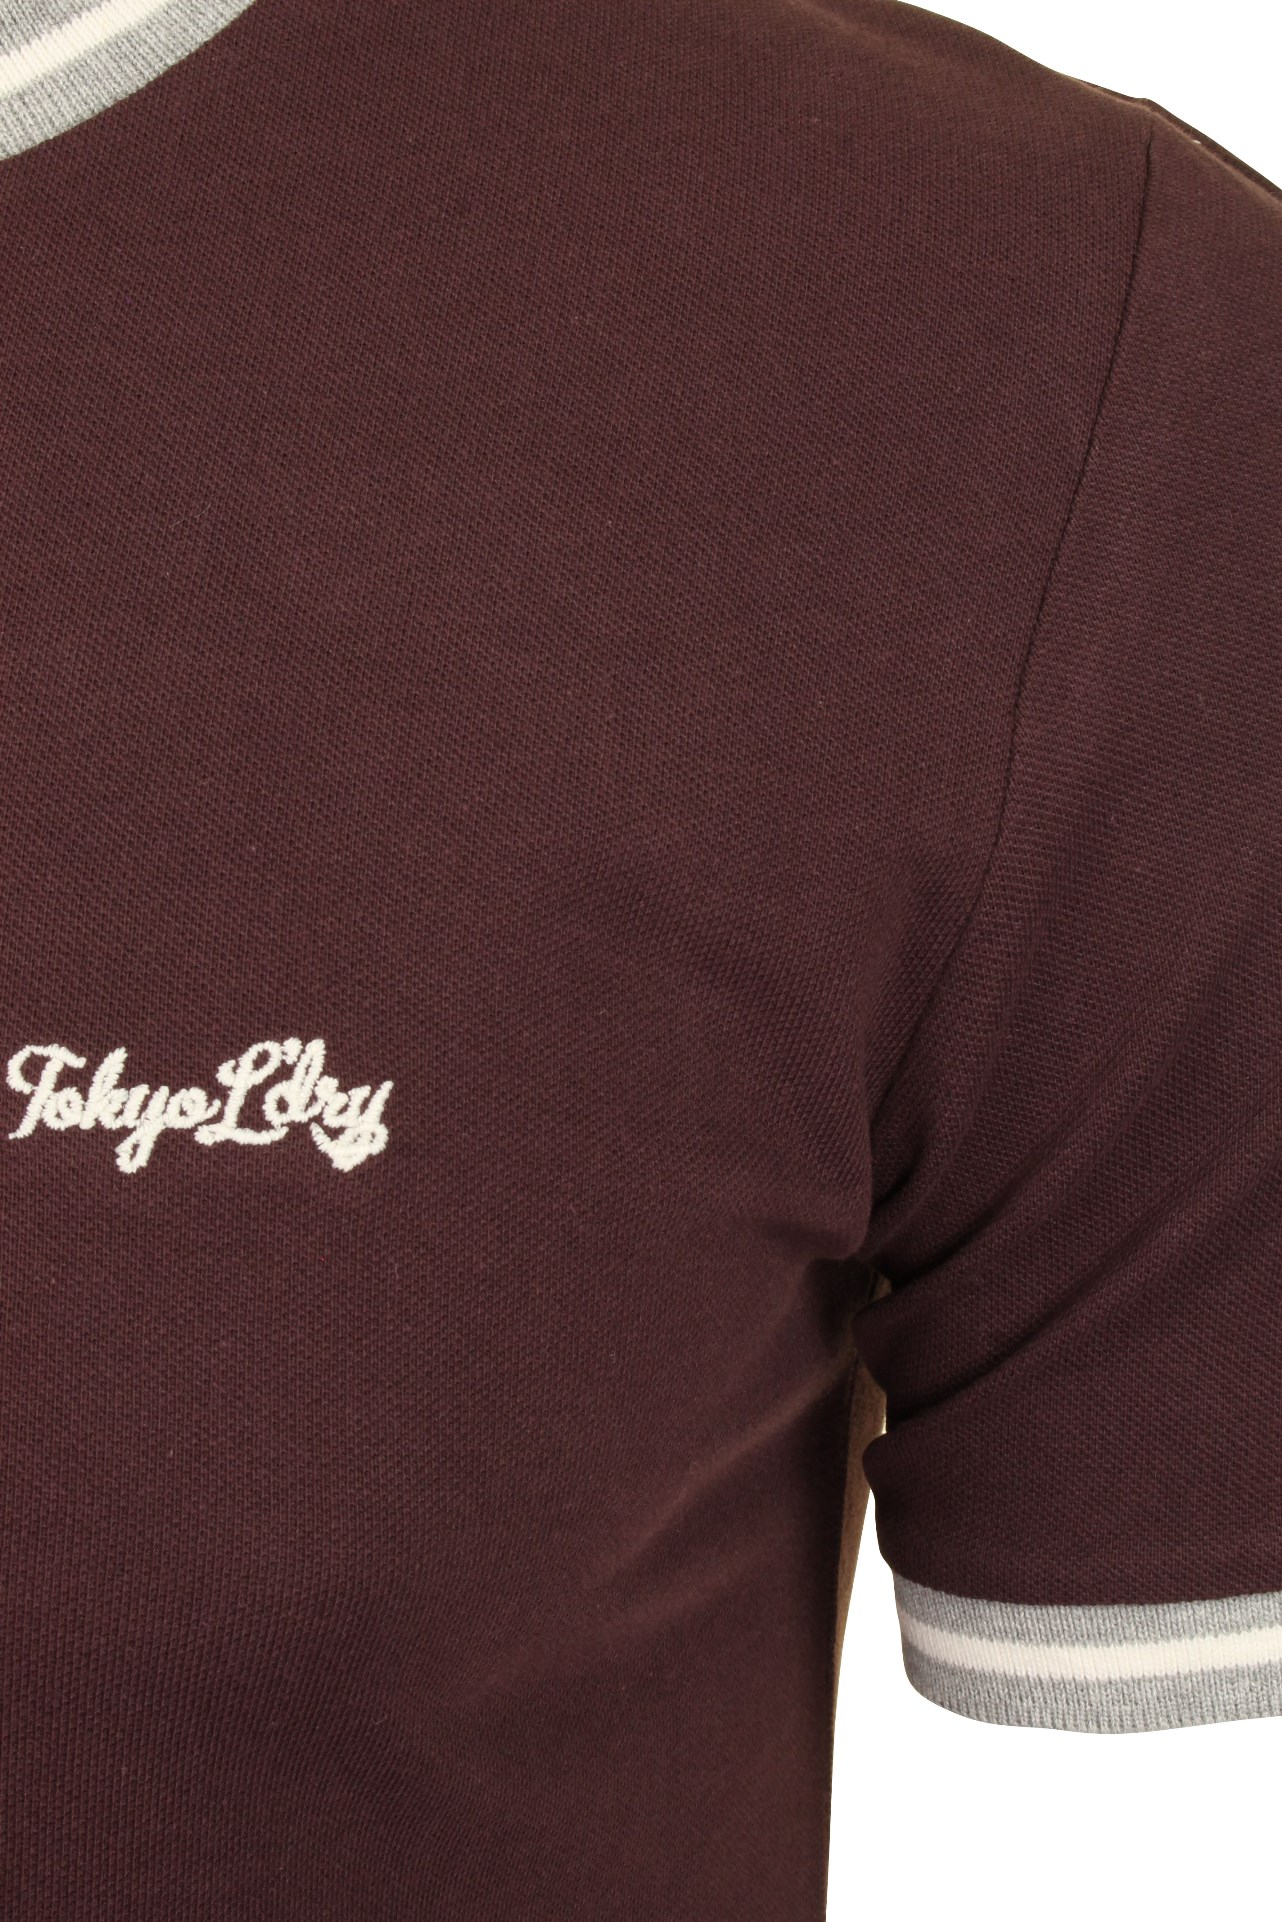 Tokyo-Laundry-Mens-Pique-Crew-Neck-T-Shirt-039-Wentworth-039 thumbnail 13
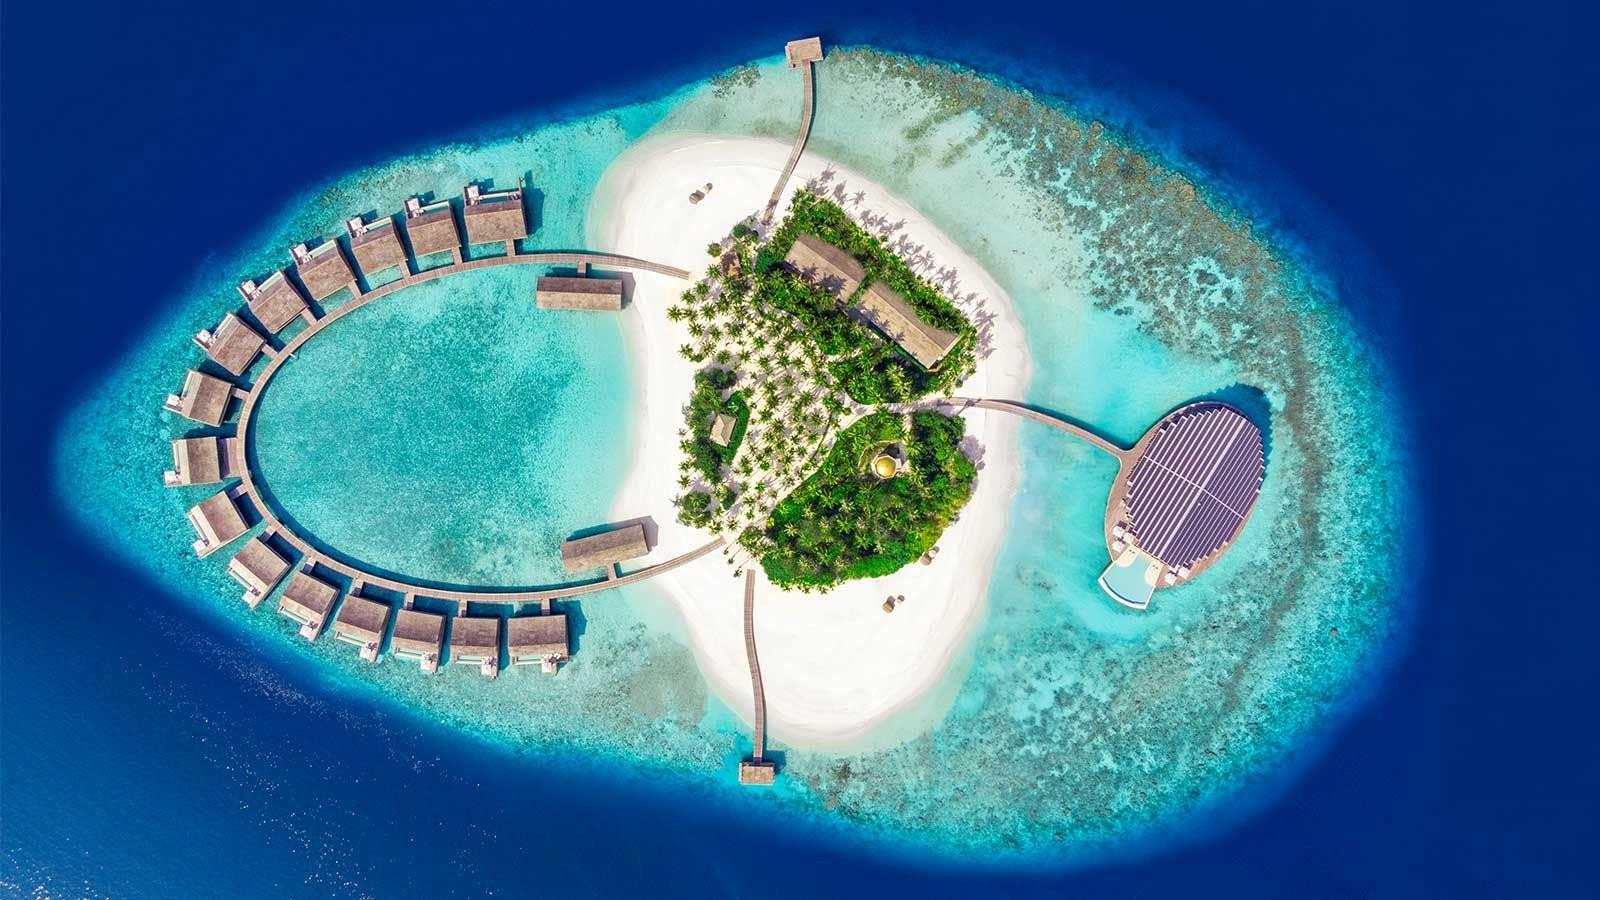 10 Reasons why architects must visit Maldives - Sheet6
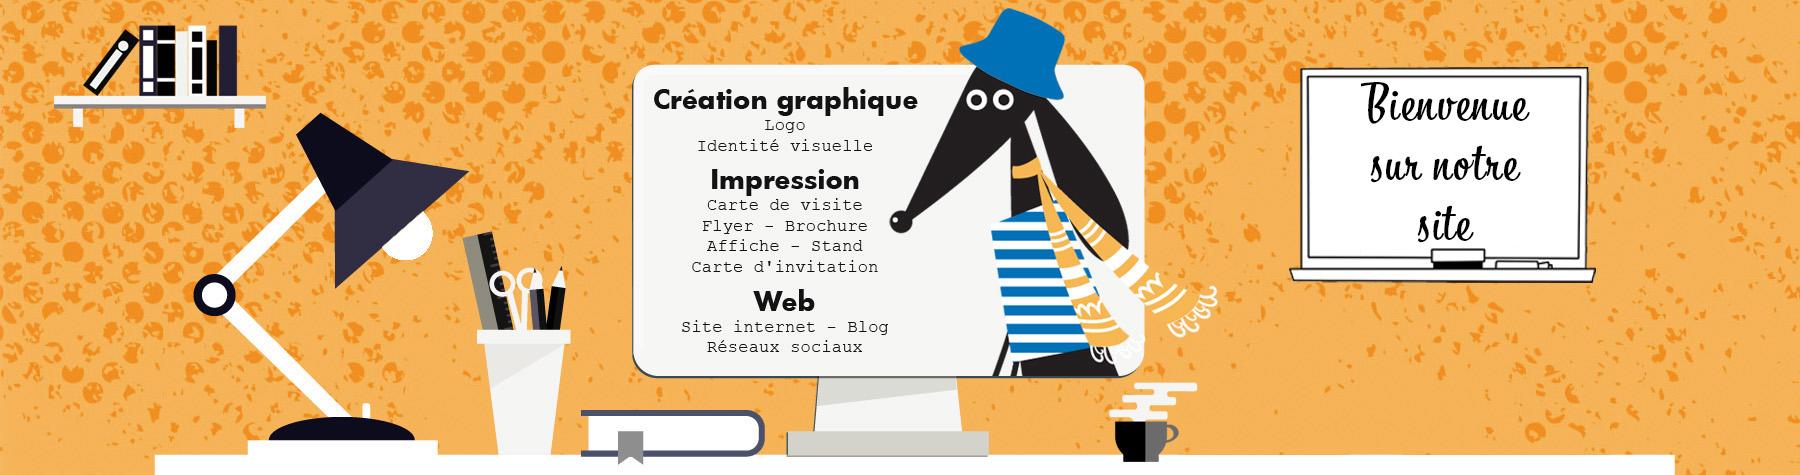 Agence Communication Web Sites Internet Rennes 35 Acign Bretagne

◆ About this task ◆
Quote all the lines above exactly as given. Do not include the pictures.

◆ Completed exercise ◆
 Tokyo-Laundry-Mens-Pique-Crew-Neck-T-Shirt-039-Wentworth-039 thumbnail 13
 10 Reasons why architects must visit Maldives - Sheet6
 Agence Communication Web Sites Internet Rennes 35 Acign Bretagne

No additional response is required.